The Little Monster leader had long been a weed aficionado and even smoked a joint on stage during a concert in Amsterdam last year. But as her hip injury grew worse on her Born This Way Ball tour, the singer revealed that she was smoking up to 15 joints per day to help numb the pain.  "I was just numbing, numbing, numbing myself then sleeping it off, then getting on stage, killing it in pain, then getting off and smoking, smoking, smoking, not knowing what the pain was," she admitted last month. Gaga underwent hip surgery last February, but found herself unable to kick her weed habit. She credits performance artist Marina Abramovic with helping her to get sober last summer on a bizarre retreat, which included being sent into the woods blindfolded to help find her “way home.” Although the singer admits to now smoking “a little bit,” she said this is the “soberest” she’s been in years.



Snoop Lion

The rapper’s long-standing love of weed has even led to him doing anti-drug ads while completely under the influence, but he vowed to stop smoking pot over a decade ago. “Drugs cloud your vision.
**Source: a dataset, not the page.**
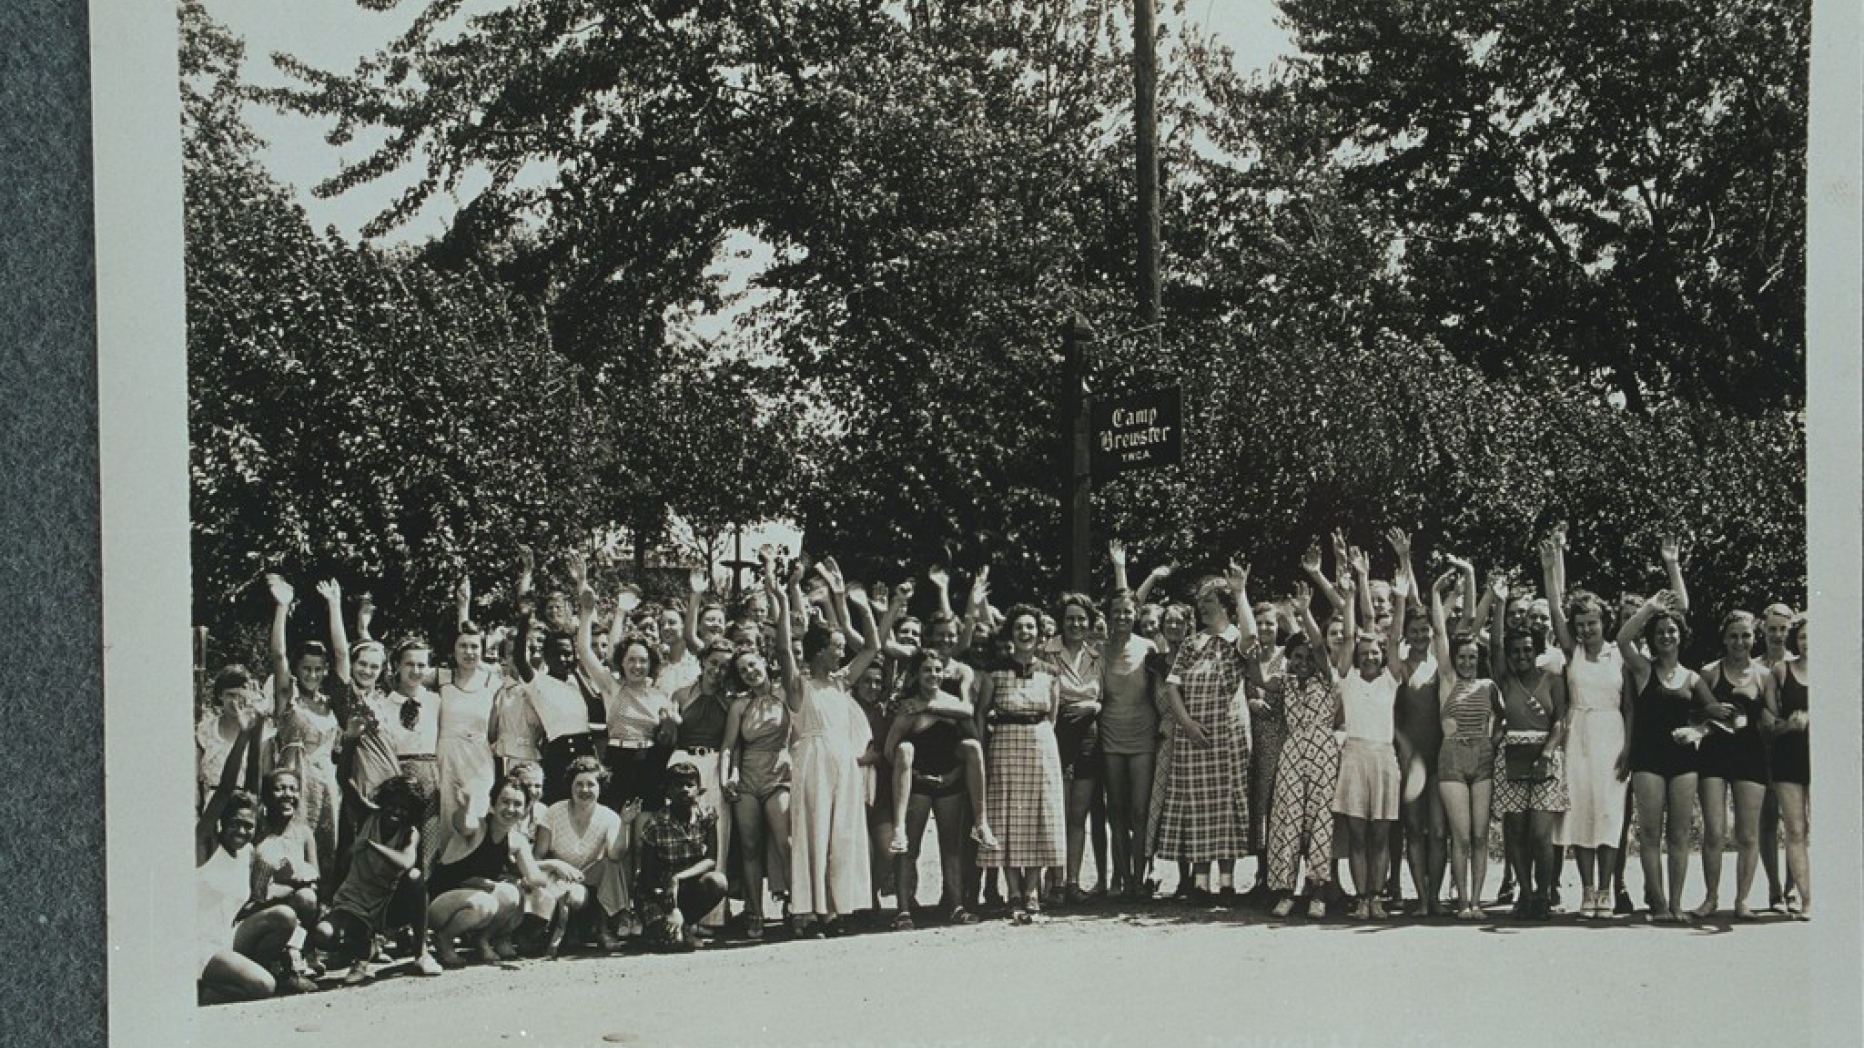 B&W photo of group of young women throwing their arms up in the air for a group photo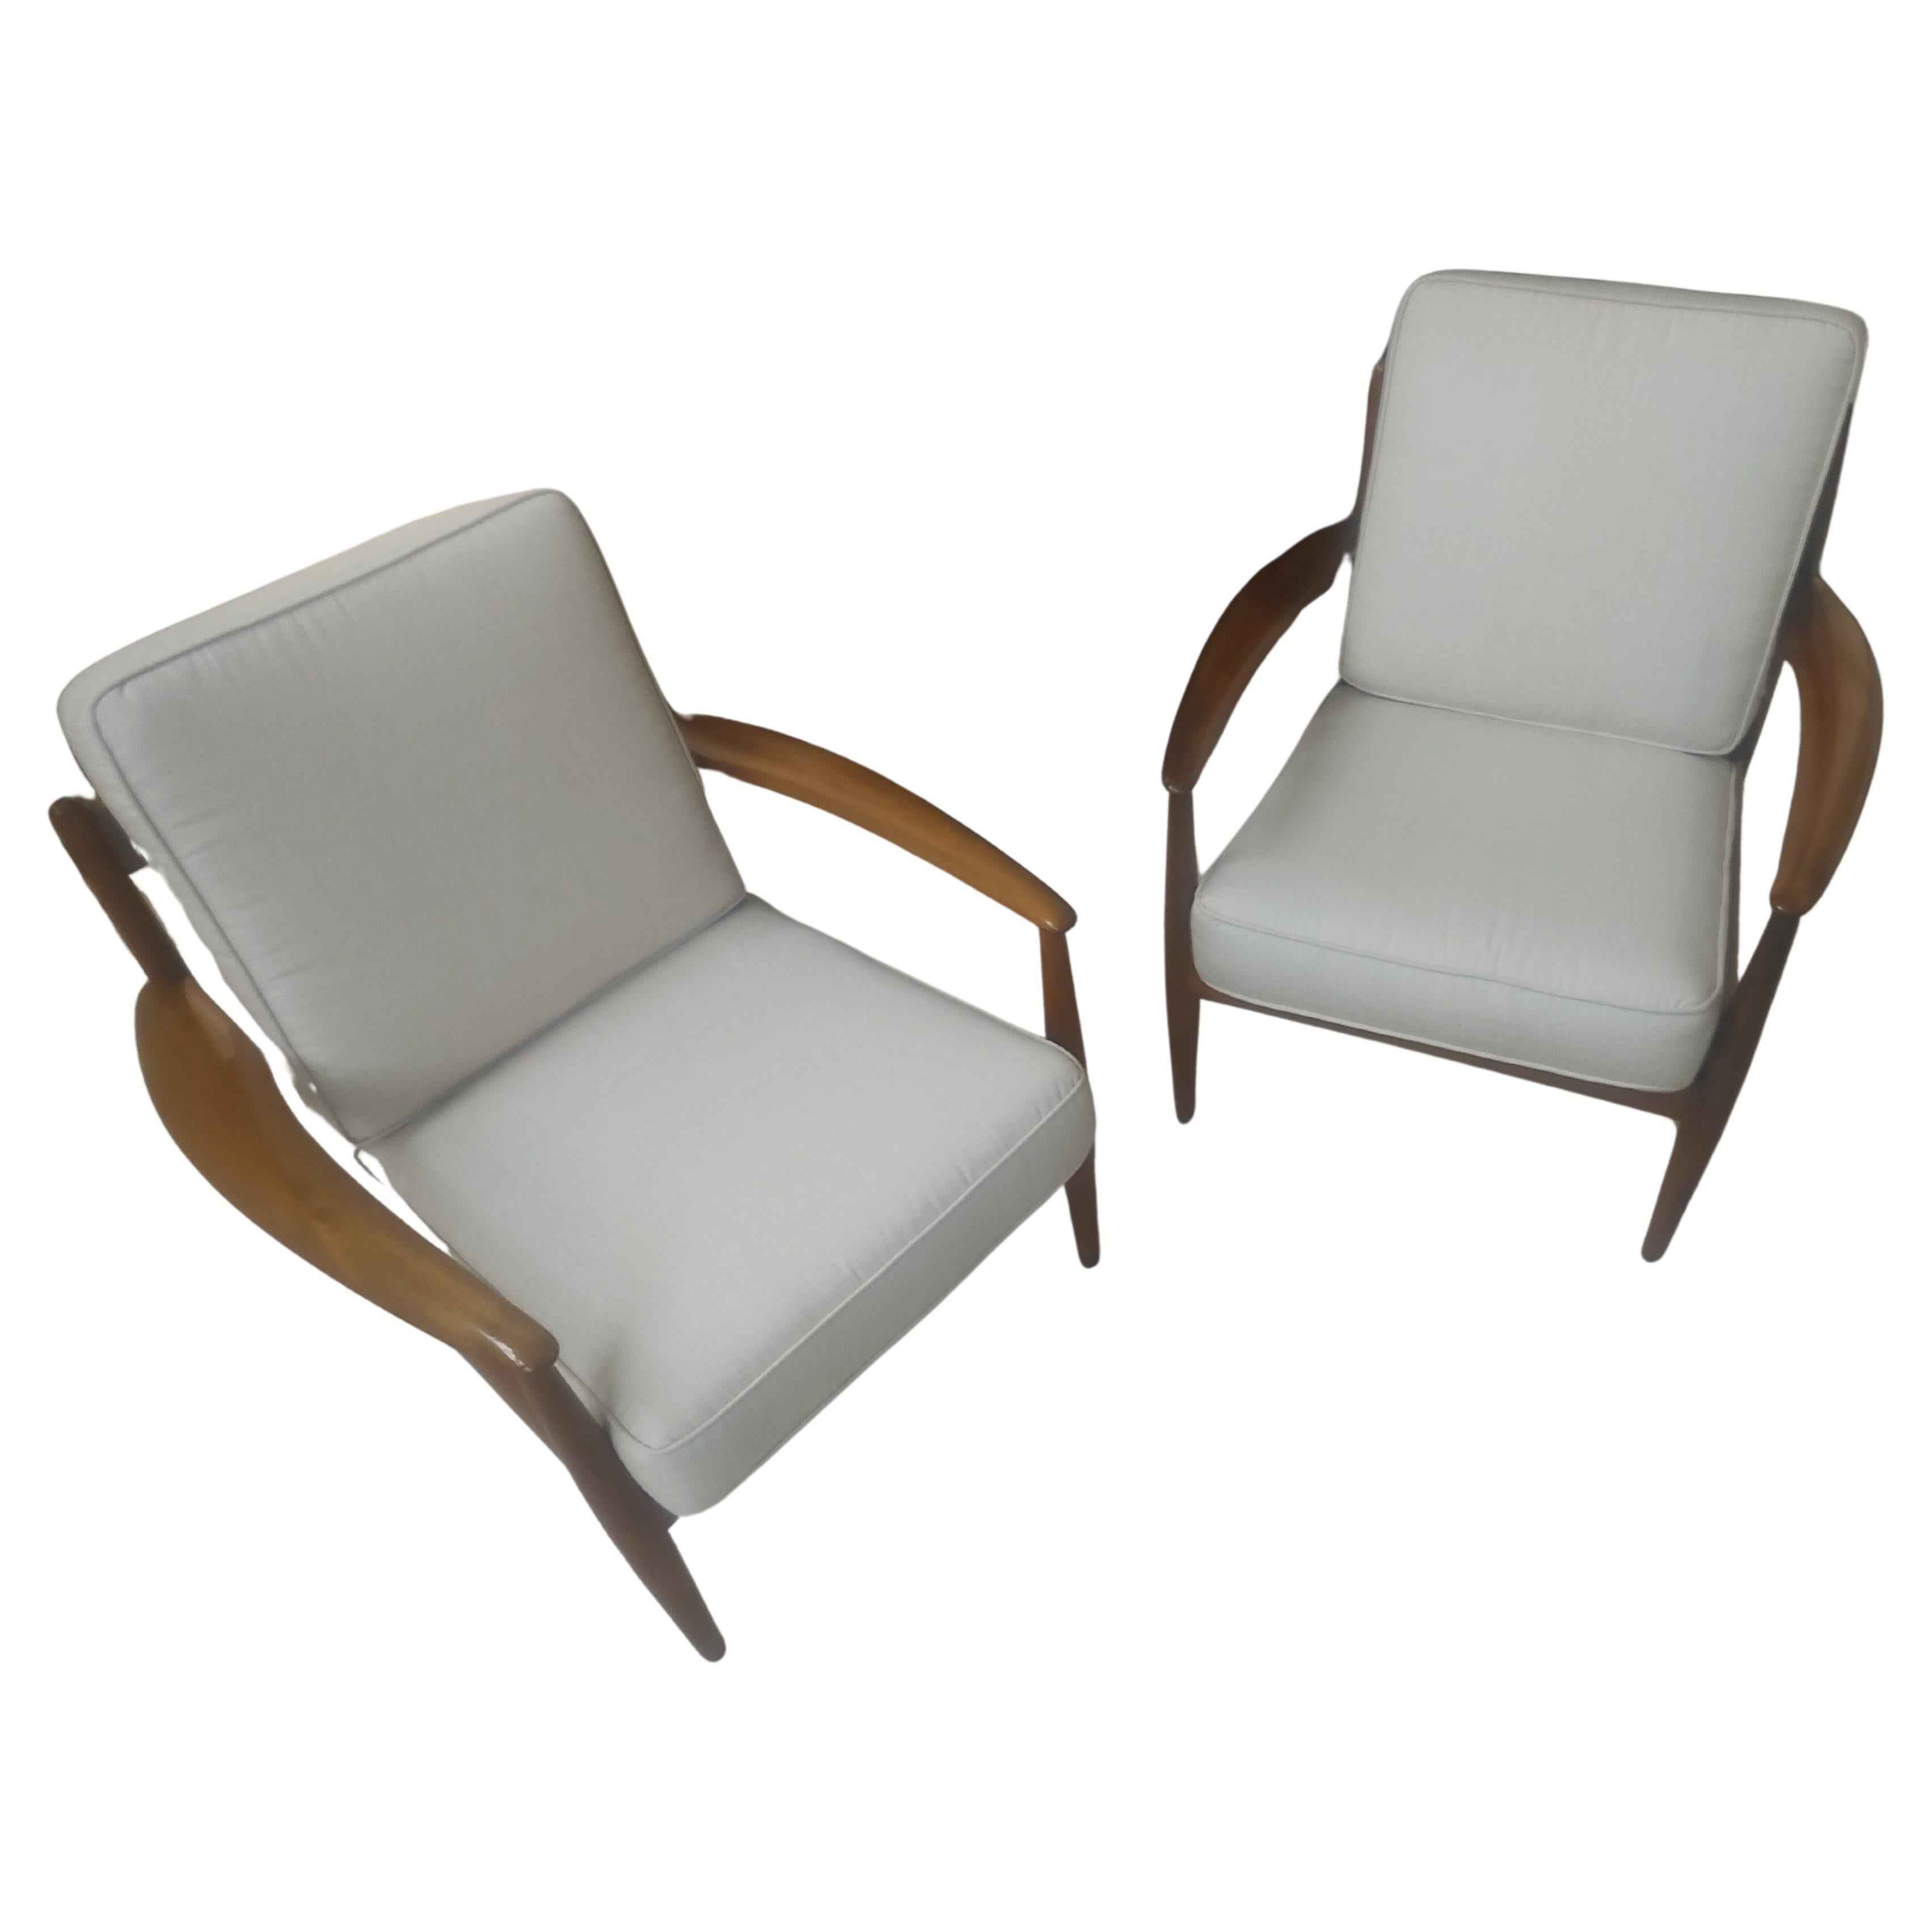 Hand-Crafted Pair Mid Century Danish Modern Beech Lounge Chairs by Grete Jalk - John Stuart  For Sale

I was having fun when I was getting high ... [but] I’m 30 years old now,” he said in January 2003. “I said, ‘Let me stop smoking dope so I can get a better vision of myself, see who I am and what I meant to the world.” But less than two years later, he admitted to smoking pot regularly again and was arrested for possession of marijuana in January 2012. He’s even turned his love of the chronic into a business, endorsing his own rolling papers and strains of weed, in addition to writing the theme song for Discovery Channel show Weed Wars.